Yes, all options need to be added manually. That's a disadvantage to this framework that I'm proposing. Still, do we add new options frequently? If we don't, then the drawback isn't so big.

CLIBuilderArgs uses a dictionary to hold the argument data, and this container is insertion ordered since python 3.6. So, if we want to have the arguments in a given order, we just need to create the dictionary in that order.

I understand your reluctance to add this framework because it hides a lot of complexity, including hardcoding certain things, in itself and does not allow you to change them easily. As said, I'm open to other ideas, I only want to improve our current situation.

Another possibility that occurred to me while I was on vacation. Instead of creating classes that handle the objects being handled (i.e. users, groups, passwords), we can provide the underlying CLI with a simple python wrapper. Example:

client.useradd("user1")

or

client.useradd("user1", password="Secret123", uid=5000)

It might even be possible to eliminate the client part altogether. WDYT?

Hi, I am the author of pytest-mh and sssd-test-framework, so I'd like to provide my two cents...

First, I don't know how your current tests looks, but pytest-mh would definitely work for this project nicely. I agree with @hallyn that you should have a more direct and flexible control over the commands you run, since you are testing a command line tool and not a daemon.
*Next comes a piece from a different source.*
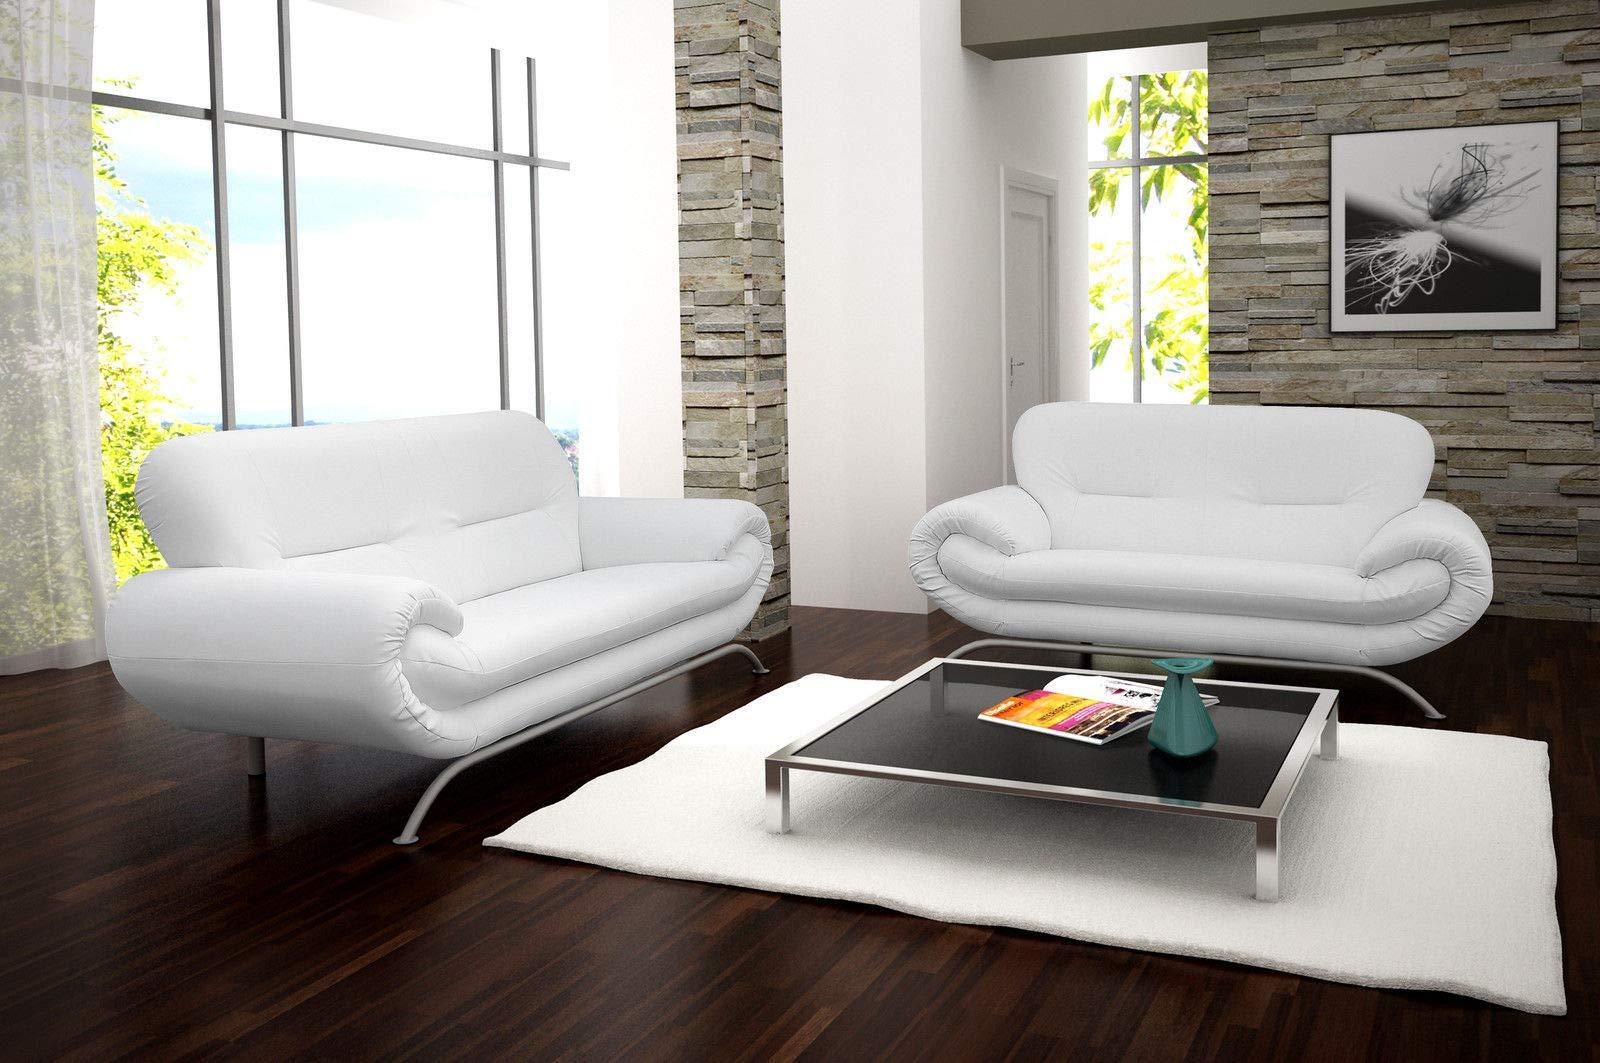 Sofa Honeypot Black 3 Seater 3 Seater, Black 2 Seater White Nina 3/&2 Seater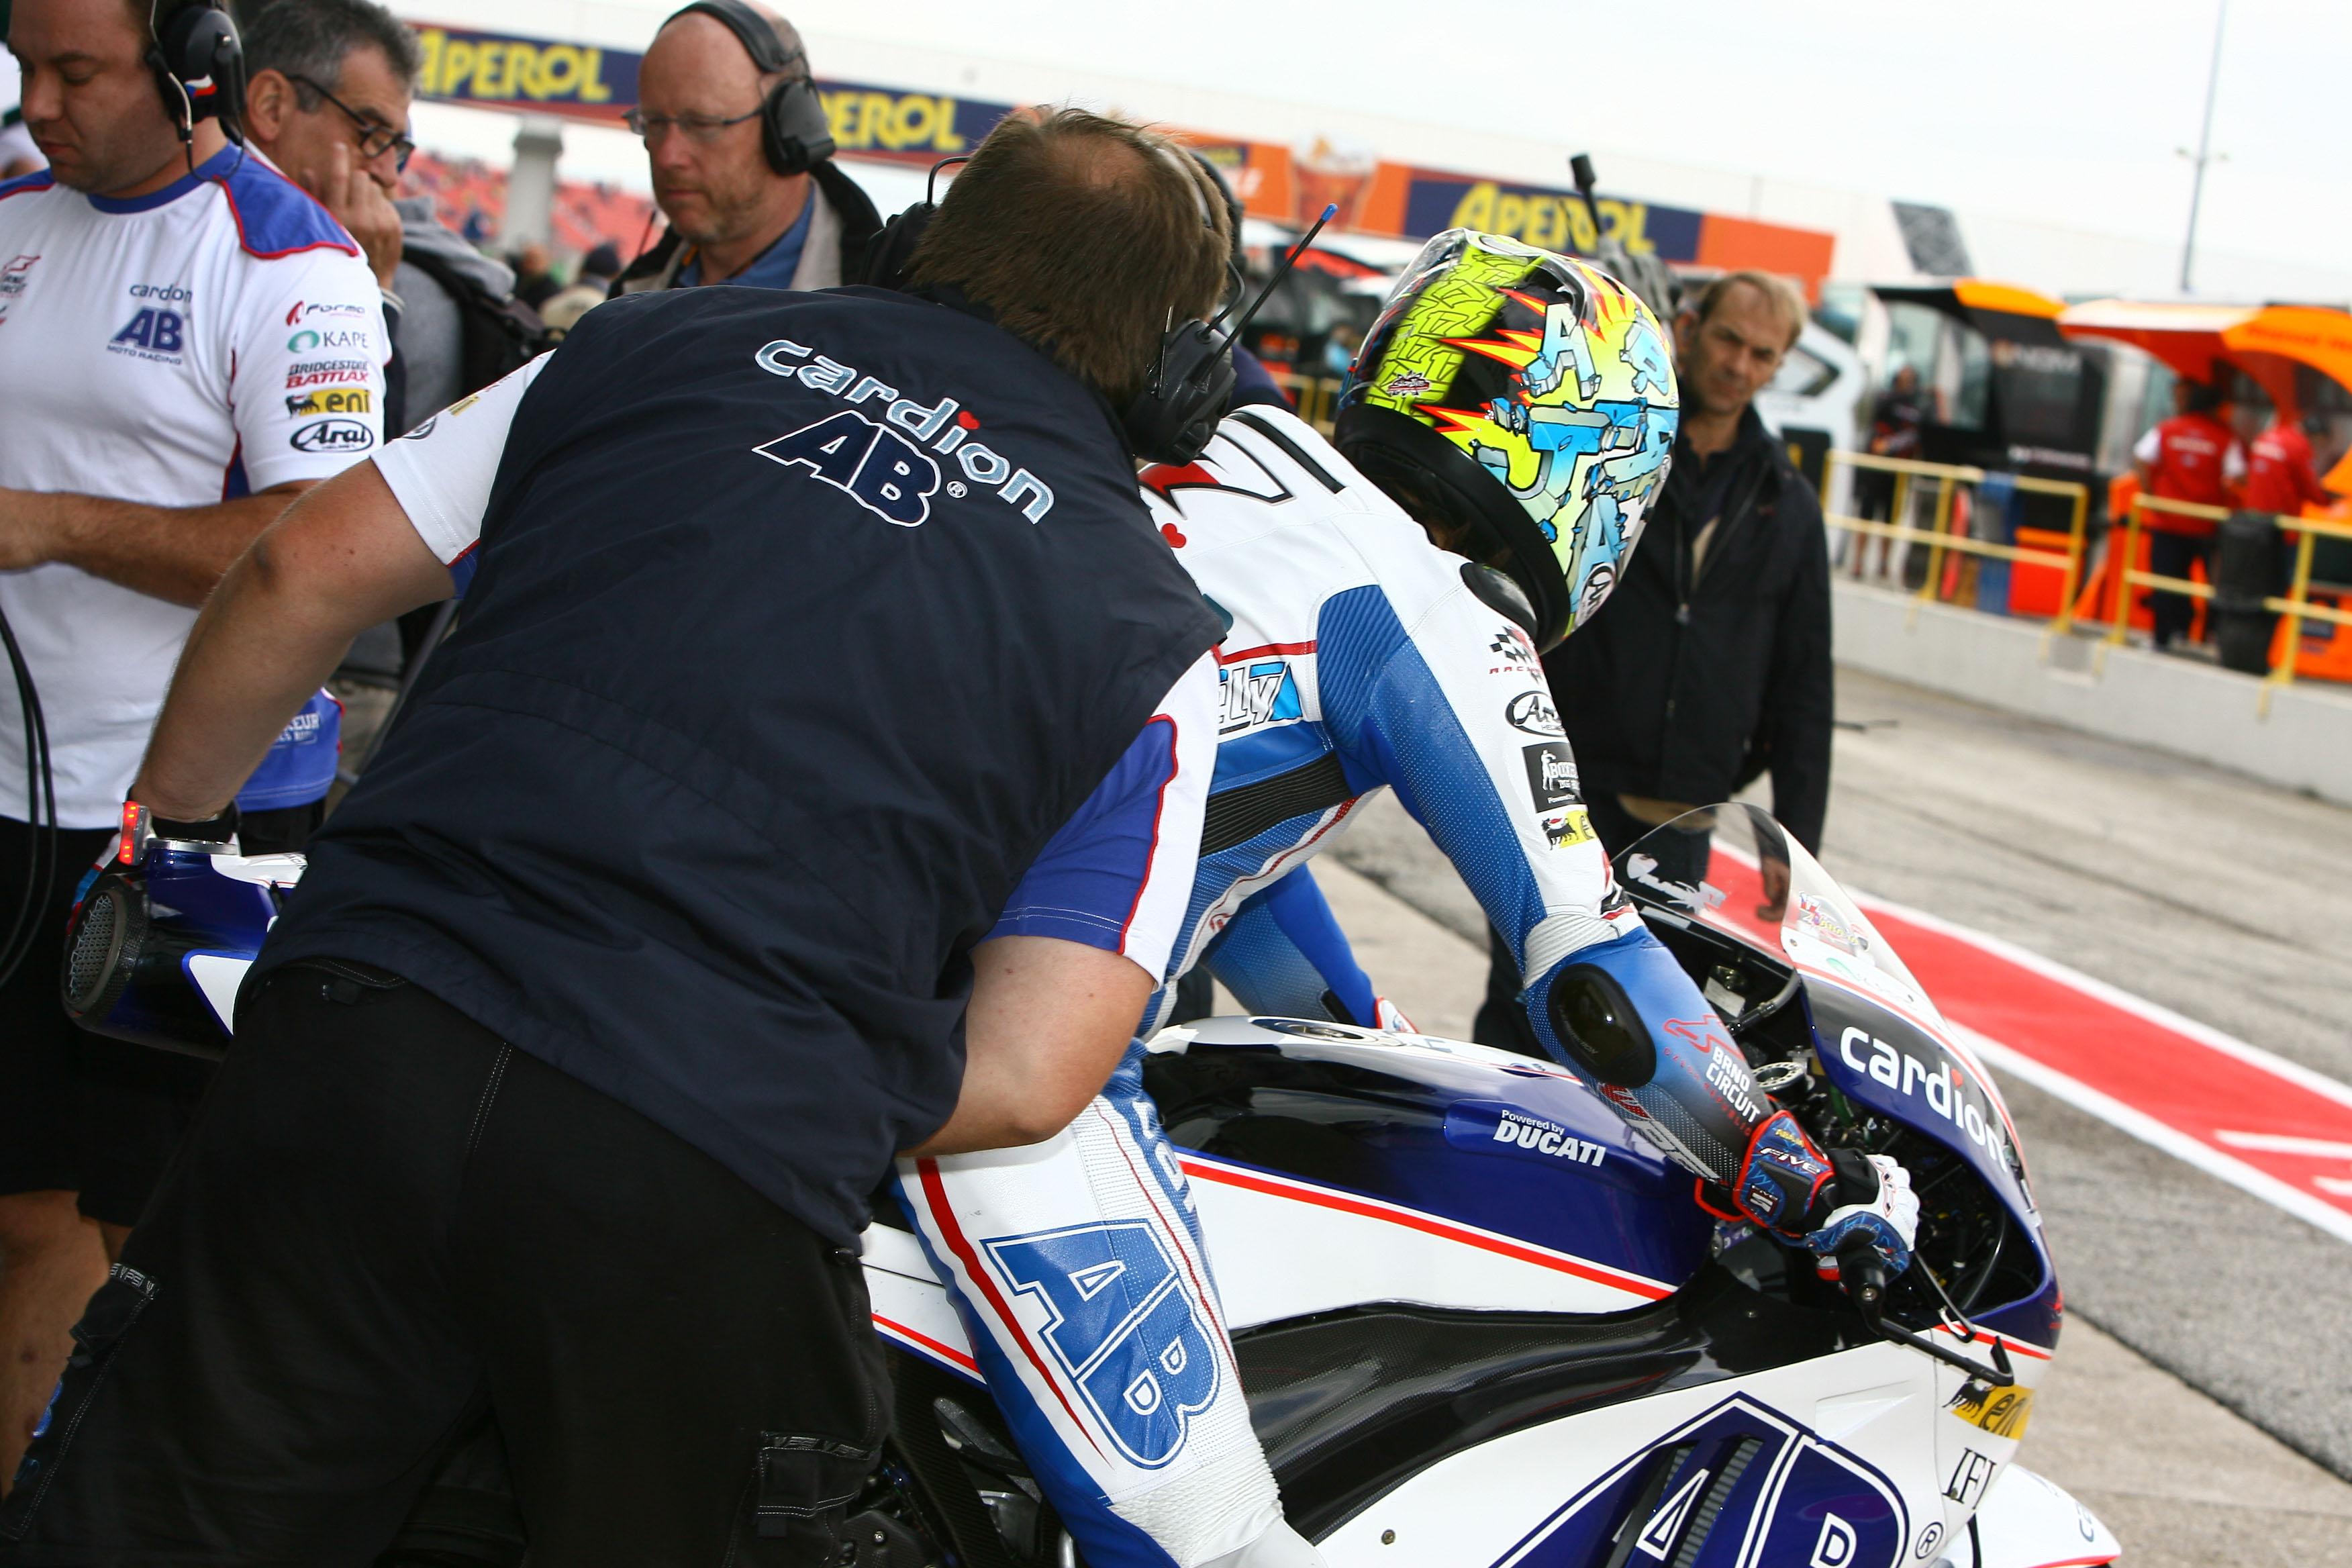 Karel Abraham, AB Cardion, Moto GP, Misano, September 2012

The main purpose of wrapping stuff into a nice framework API is to allow proper backup/restore/cleanup functionality (if we add user to LDAP, the user must be deleted when the test is finished). The other purpose is readability, documentation and easy usage. In case of shadow-utils, you can just backup and restore selected files (like /etc/passwd,group) so you do not need to track precise changes. On the other hand, you need the flexibility because you are testing each command line argument.

What you could do is to run client.host.ssh.exec(["useradd", ...]) directly, but for better readability I suggest to add a wrapper around this e.g. client.useradd(*args) where args is the command line. This will run the command over ssh in bash (bash -c) so you are not loosing shell; it is also possible to specify different shell if desired.

pytest-mh is a generic plugin that gives you the core functionality and building blocks required for testing. sssd-test-framework is for SSSD project. You can use it as inspiration, perhaps even include some bits from it, but you definitely should not follow it 1:1. You need to come up with what works for your project.

Thanks @pbrezina and @ikerexxe, that sounds good.

zeha commented

The system under test can’t be the one where the tests are run. We can user VMs or containers to deploy the system under test.

I'll note that Debian's test infrastructure is often already running inside some form of virtualization, and the entire system will be thrown away after the tests. It'd be good if tests can still be run in such an environment.